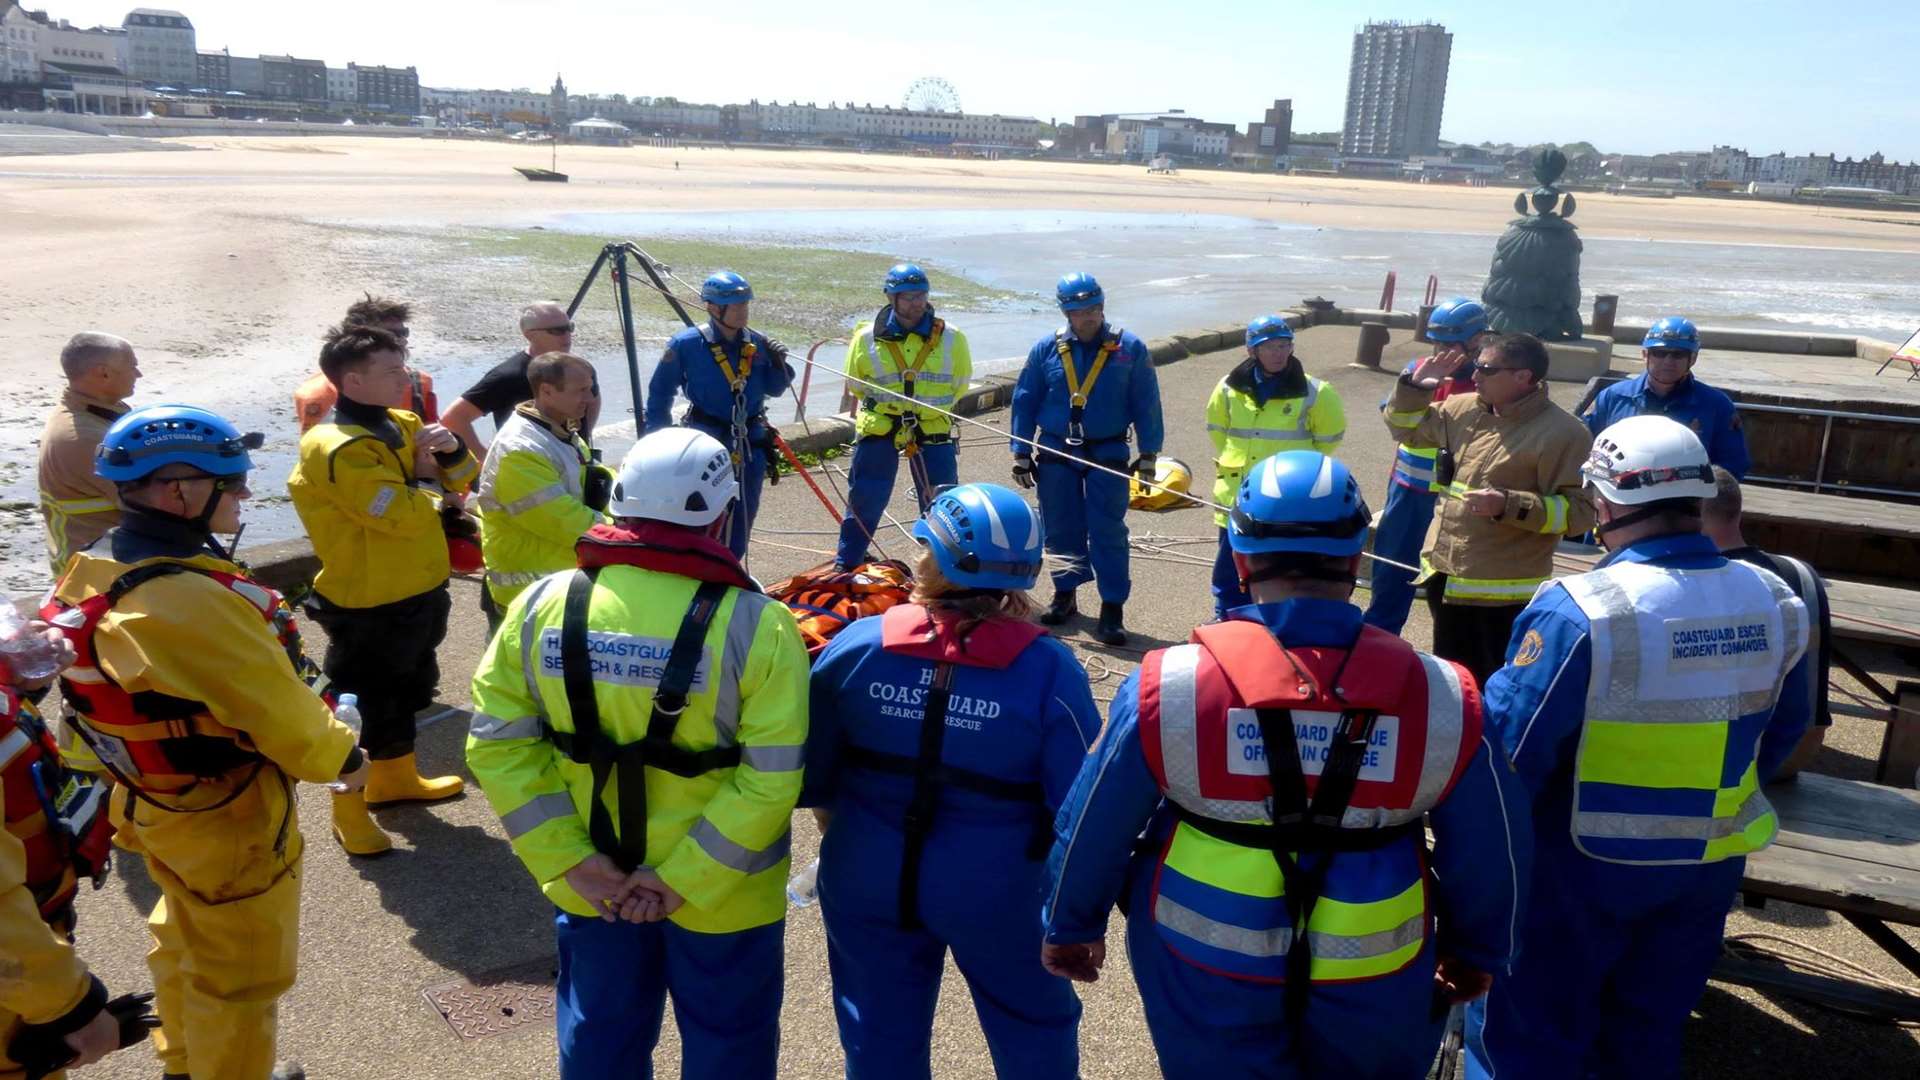 KFRS, Coastguard and Kent Police in briefing for the training exercise
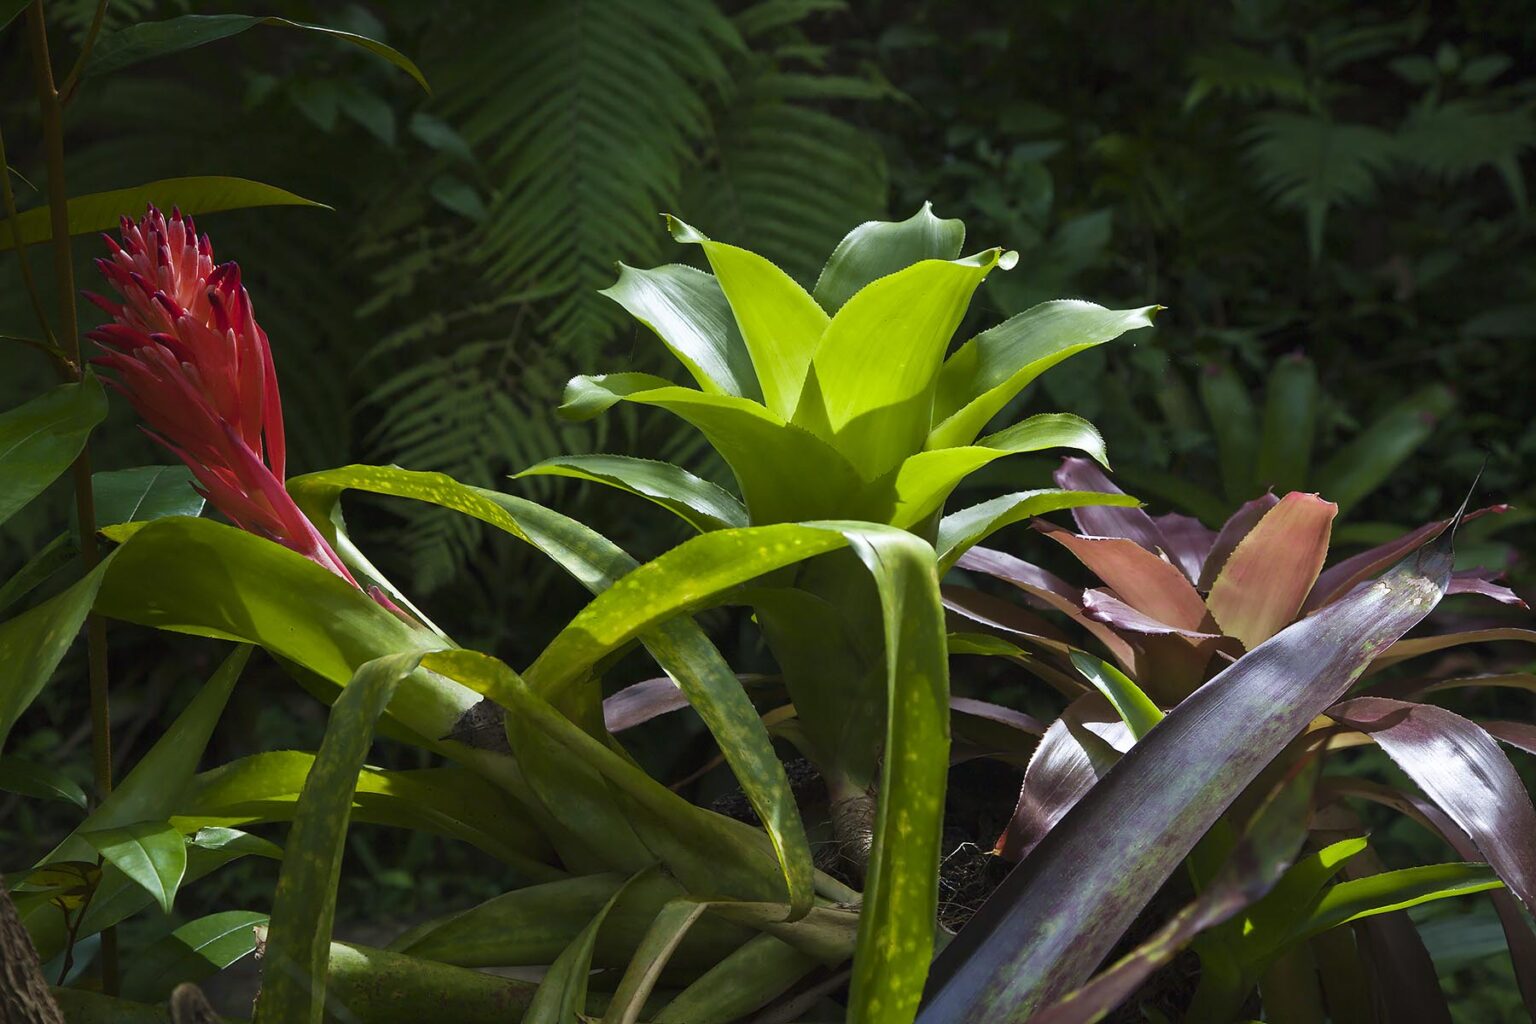 A BROMELIAD PLANTS in bloom at the BOTANICAL GARDEN UBUD - BALI, INDONESIA
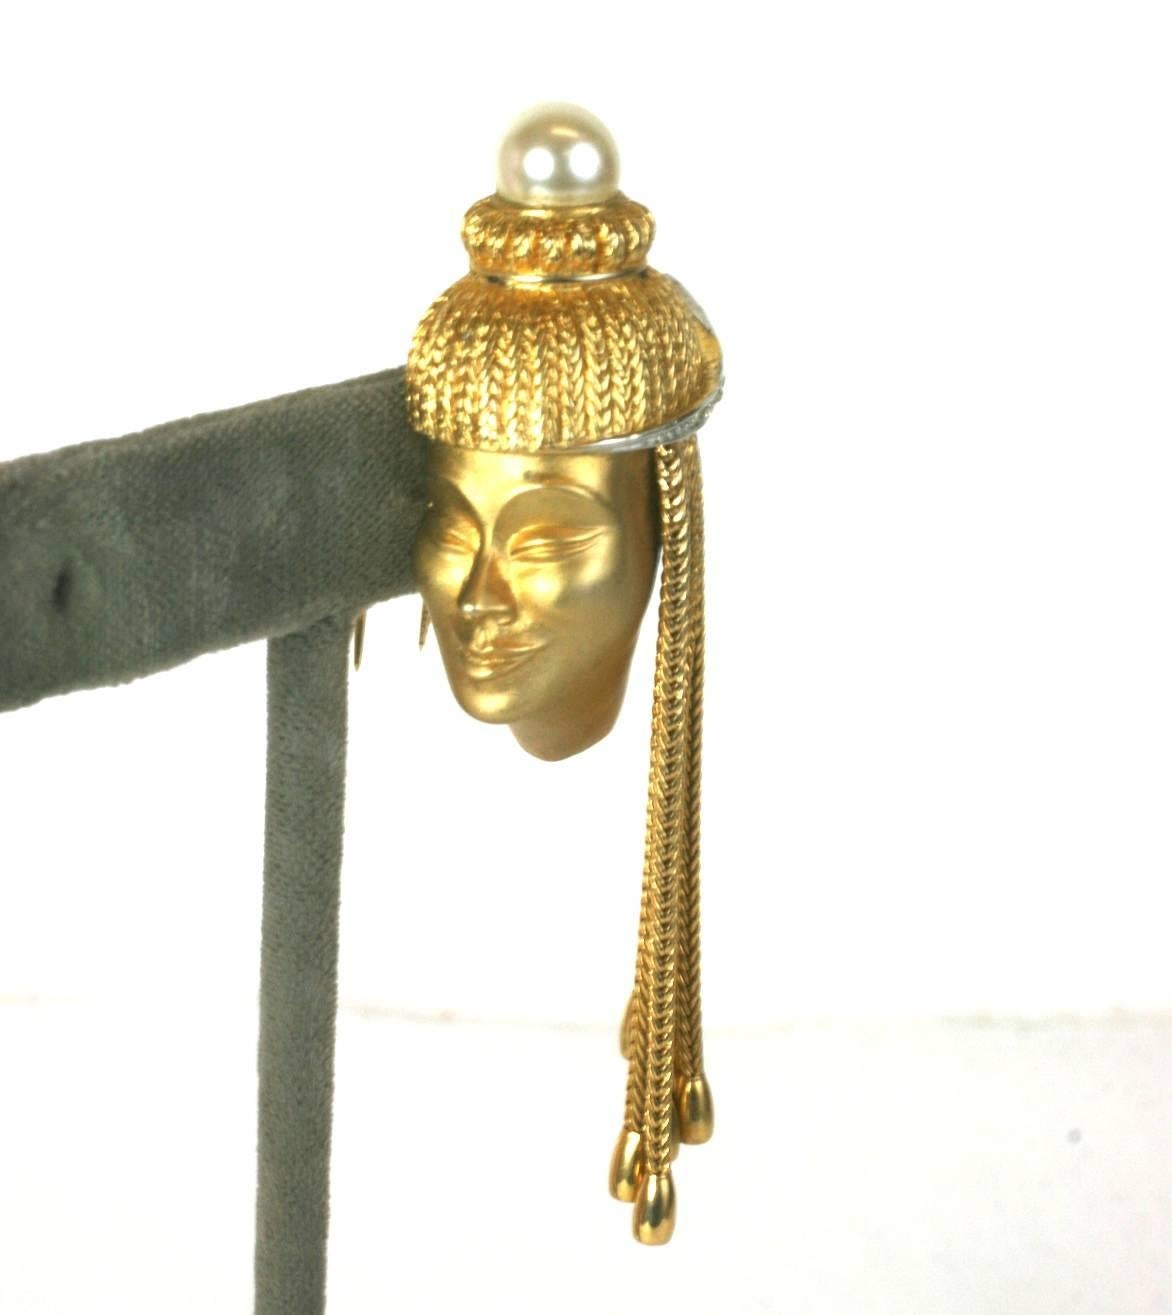 Charming Marcel Boucher Genie Clip. Unusual clip with a smiling genie with hair made from gilt fox chains with pave accents. A faux pearl is the accent at the top of the clip. The face is detailed in a satin finish, contrasting against the high gold

■ To do: Would you reproduce the listing above in full and exactly, without its pictures?

■ Task output:
 KFRS, Coastguard and Kent Police in briefing for the training exercise
 A BROMELIAD PLANTS in bloom at the BOTANICAL GARDEN UBUD - BALI, INDONESIA
 Charming Marcel Boucher Genie Clip. Unusual clip with a smiling genie with hair made from gilt fox chains with pave accents. A faux pearl is the accent at the top of the clip. The face is detailed in a satin finish, contrasting against the high gold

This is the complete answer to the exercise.